■ Stored data
((

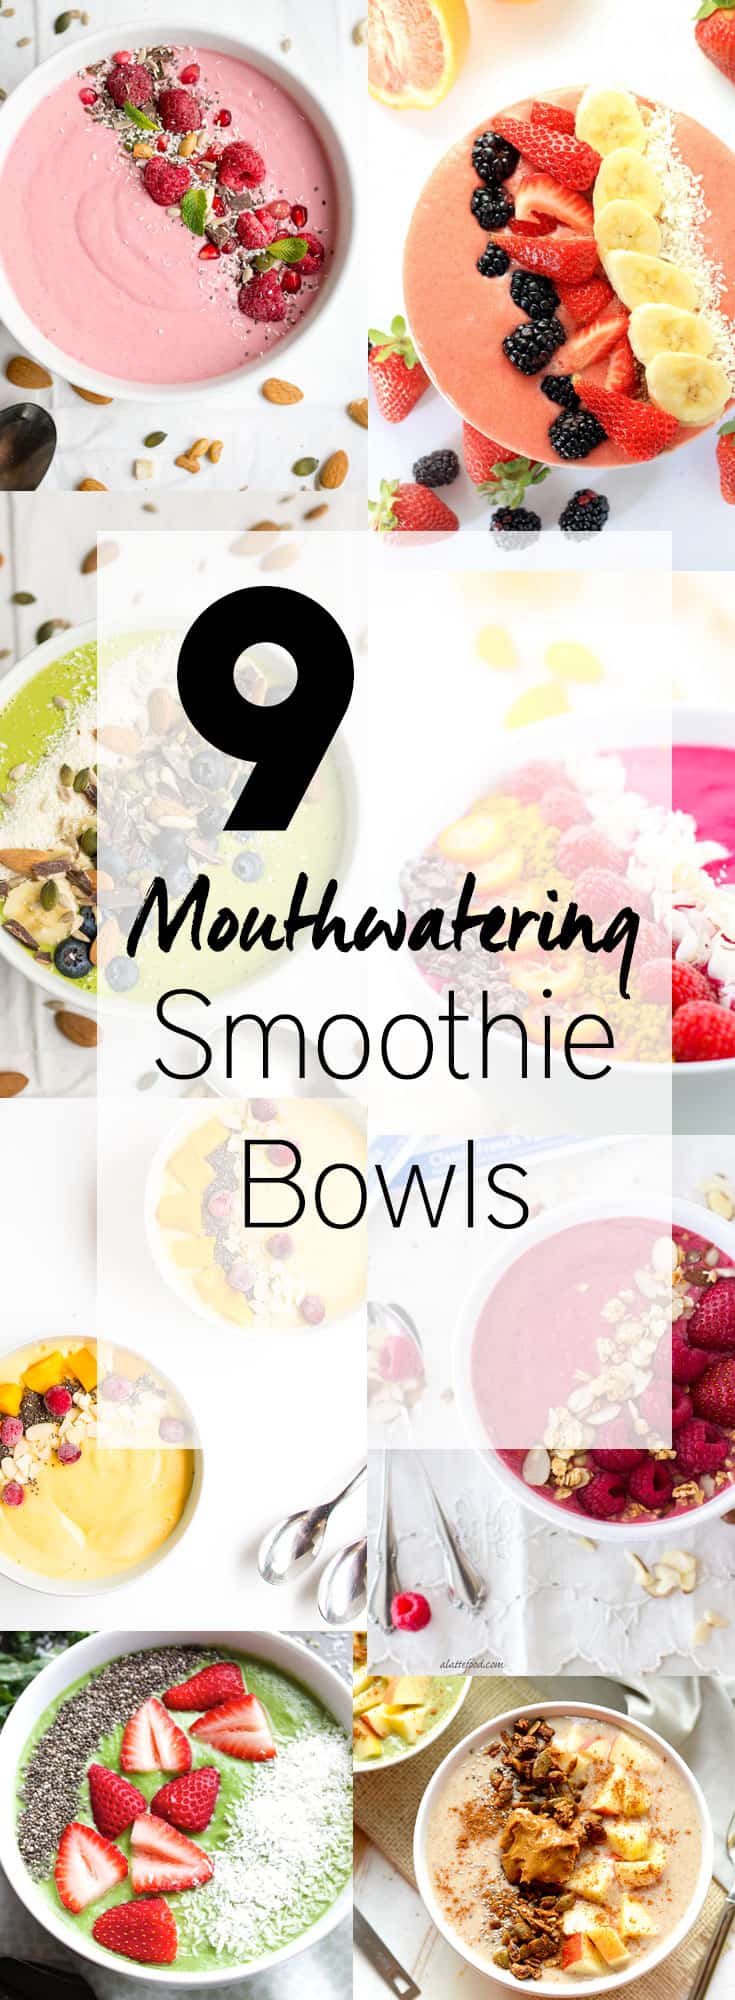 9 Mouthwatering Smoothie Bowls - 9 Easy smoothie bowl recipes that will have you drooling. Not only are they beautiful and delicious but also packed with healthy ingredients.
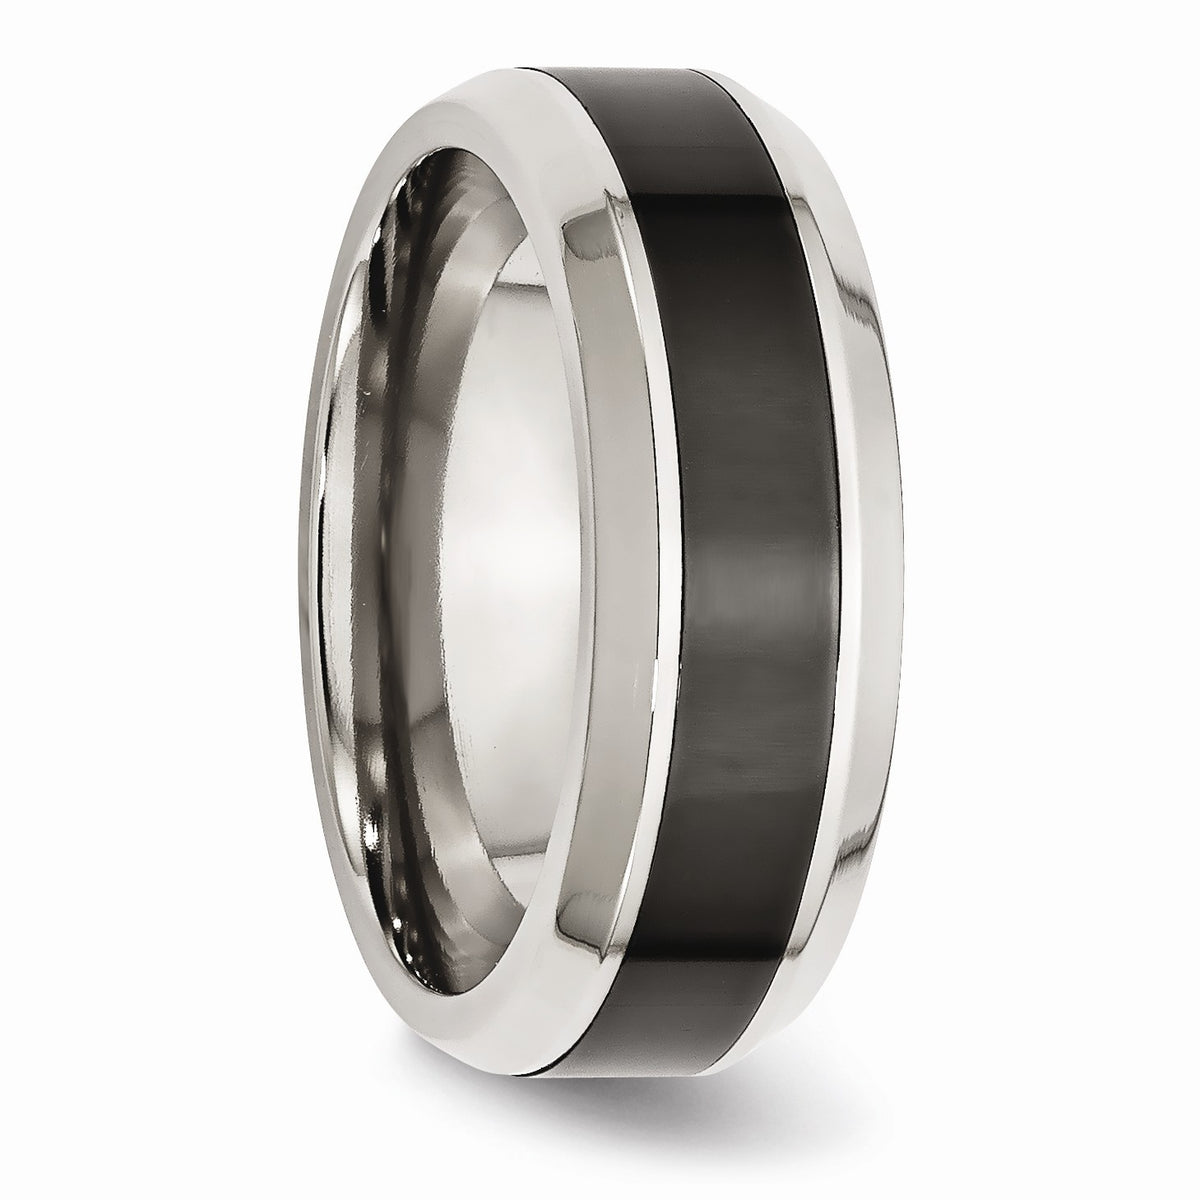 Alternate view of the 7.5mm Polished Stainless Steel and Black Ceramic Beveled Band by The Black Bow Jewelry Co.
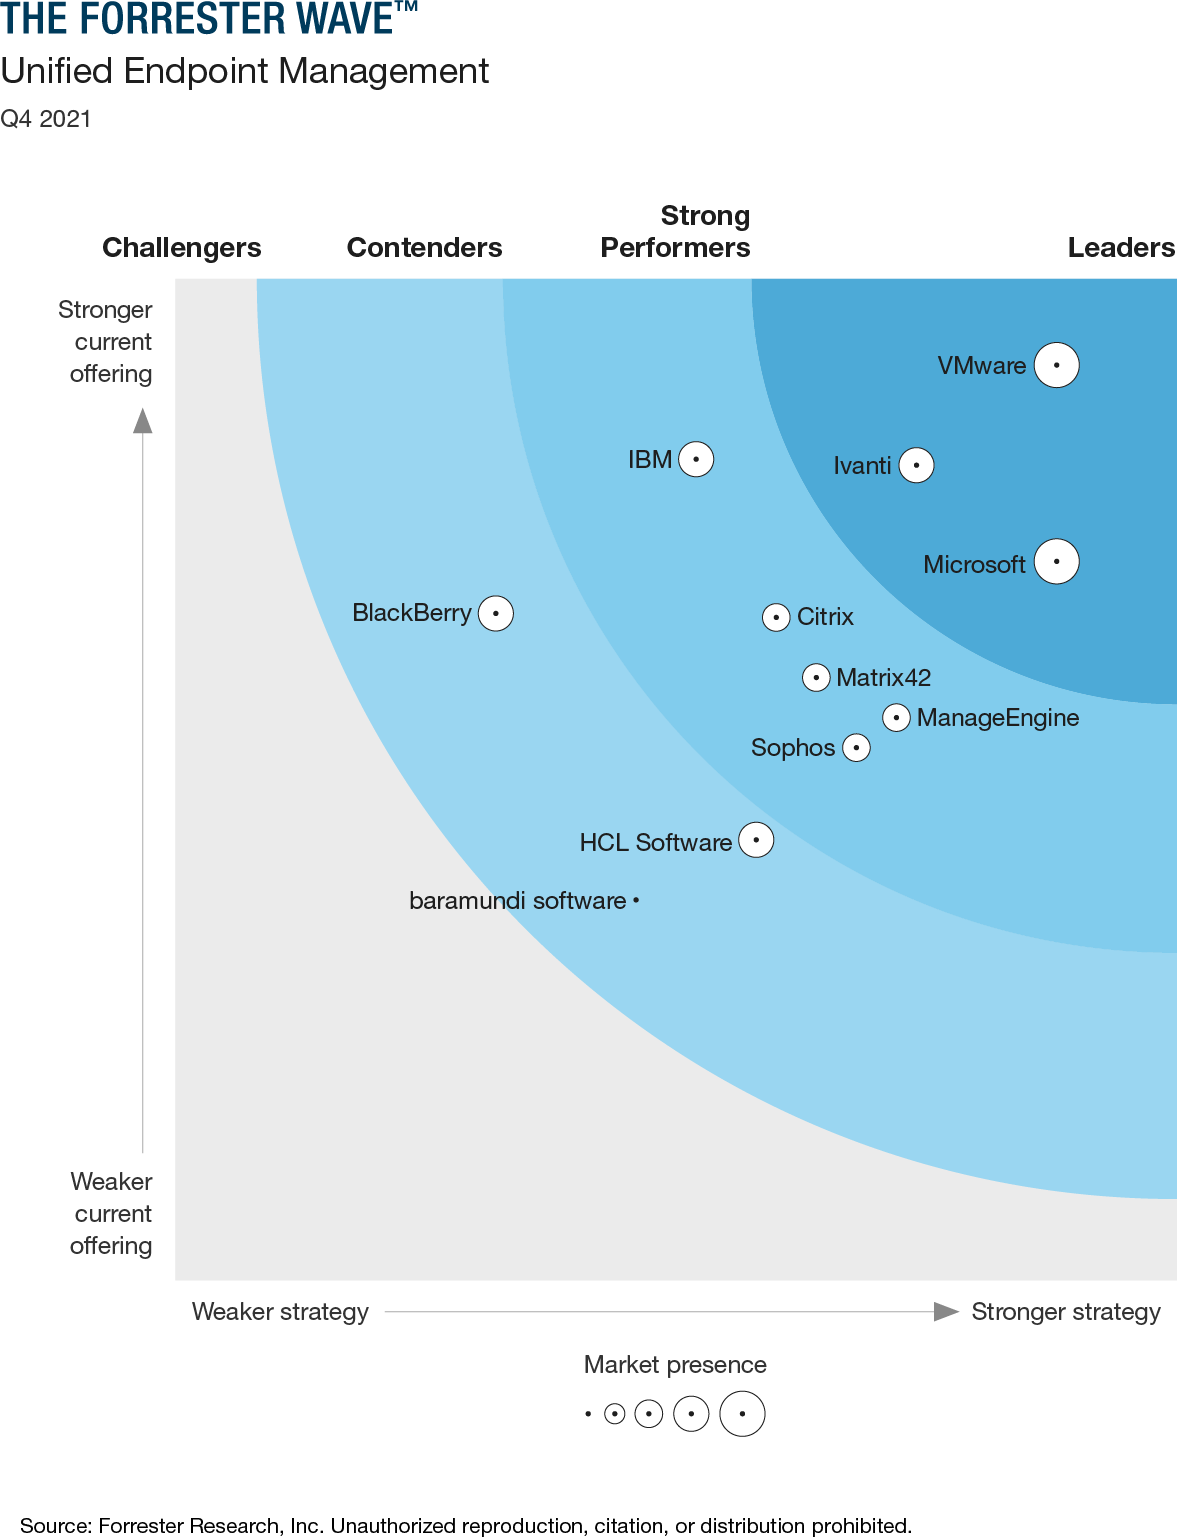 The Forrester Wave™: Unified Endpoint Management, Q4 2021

))

A faithful copy of the data above is wanted, with every image left out.

 9 Mouthwatering Smoothie Bowls - 9 Easy smoothie bowl recipes that will have you drooling. Not only are they beautiful and delicious but also packed with healthy ingredients.
 Alternate view of the 7.5mm Polished Stainless Steel and Black Ceramic Beveled Band by The Black Bow Jewelry Co.
 The Forrester Wave™: Unified Endpoint Management, Q4 2021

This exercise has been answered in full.